Phase Three: Weeks Eight to Ten
This is the power phase, lasting three weeks. Power is the combination of force and speed. Follow these guidelines:
- Use the same routines and training frequency, but reduce the number of reps to 6 for most of the main compound exercises, while accelerating the weight, under control, during the contraction portion of the movement.
- Control is key during the power phase - use good form during the contraction part of the movement while accelerating the weight maximally.
- The main compound exercises in the routine that lend themselves to increasing speed of execution are squats, bench presses, incline dumbbell presses, front pulldowns and seated barbell presses. Use an even tempo for all other exercises apart from the ones just listed. Don't increase the speed of execution for deadlifts.
- Complete recovery between sets is a must and may require 4 to 5 minutes of rest.
Note: Choosing a weight for power exercises may be tricky, because when you accelerate the weight during the contraction part of an exercise, you have to exert more power - you are actually moving more weight/pressure than is on the bar. For instance, imagine a 10-pound weight sitting on the ground. To raise that weight off the floor, you must exert more than 10 pounds of pressure on it to counteract gravity. The faster you want the weight to rise, the more pressure you must place on it. Therefore, when you start the power phase, you may have to use less weight for fast reps than is the case for moderate-paced reps.
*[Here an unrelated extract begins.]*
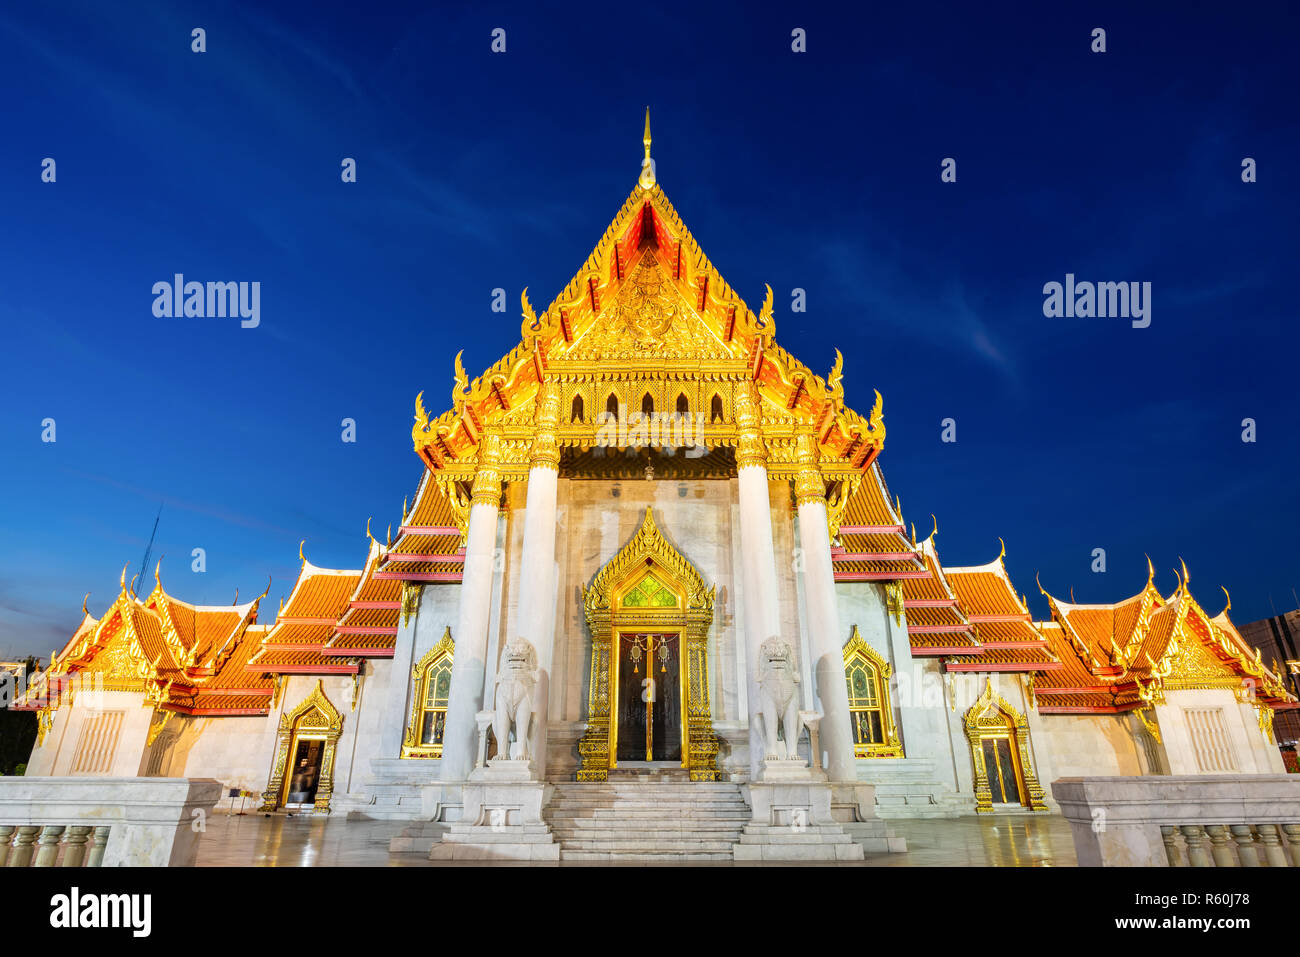 Thai Marble Temple (Wat Benchamabophit Dusitvanaram) night scene at dusk in Bangkok, Thailand Stock Photo

Phase Four: Weeks Eleven to Twelve
This is the maximum resistance phase, lasting only two weeks. Since you're placing maximum loads on your body, training days are reduced to three per week on nonconsecutive days. During this phase, concentrate solely on the three powerlifts: squat, bench press and deadlift. Assistance work is eliminated to allow for sufficient recovery.
At this point, reduce the number of reps in your maximum set to 3, and use the maximum weight you can handle with good form for each exercise. During Week Eleven, choose a weight you feel confident you can handle for 3 reps. During Week Twelve, increase the weight to the maximum you believe you can lift with good form. Make sure to completely recover between sets without getting cold. Four to five minutes rest should do it.
Day 1: Squat
Warm up for five minutes, then lightly stretch your leg and back muscles for five minutes. At the conclusion of the workout, stretch your legs and back for about 10 minutes.
Squat, 6 x 8, 6, 6, 3, 3, 6.
Day 2: Rest
Day 3: Bench Press
Warm up for five minutes then lightly stretch your chest, delt and triceps muscles for five minutes. At the conclusion of your workout, stretch your chest, delts and triceps for about five minutes.
Bench Press, 6 x 8, 6, 6, 3, 3, 6.
Day 4: Rest
Day 5: Deadlift
Warm up for five minutes, then lightly stretch your back and leg muscles for five minutes. At the conclusion of the workout, stretch your legs, back and shoulders for ten minutes.
Deadlift, 6 x 8, 6, 6, 3, 3, 6.
Day 6 and 7: Rest.
Set-by-Set Guide for All Three Lifts
First: Warm up with a weight light enough to enable you to easily perform 8 reps.
Second: Increase the weight slightly so you can easily perform 6 reps.
Third: Increase the weight to the same amount you used in the final week of Phase Four and perform 6 reps.
Fourth: Increase the weight to an amount you believe will allow you to easily perform 3 reps using good control and form.
Fifth: Load the bar to a weight you believe is near to the maximum you can handle for 3 reps with good control and form.
Sixth: Reduce the weight to the same amount you used in the second set and do 6 reps.
At the completion of the 12-week program you should take a week off from training to fully recover from all your efforts. Remember that you grow when you eat and rest. After you are rested fully, you can start this same 12-week program all over again, with new goals in mind and hopefully even higher poundages.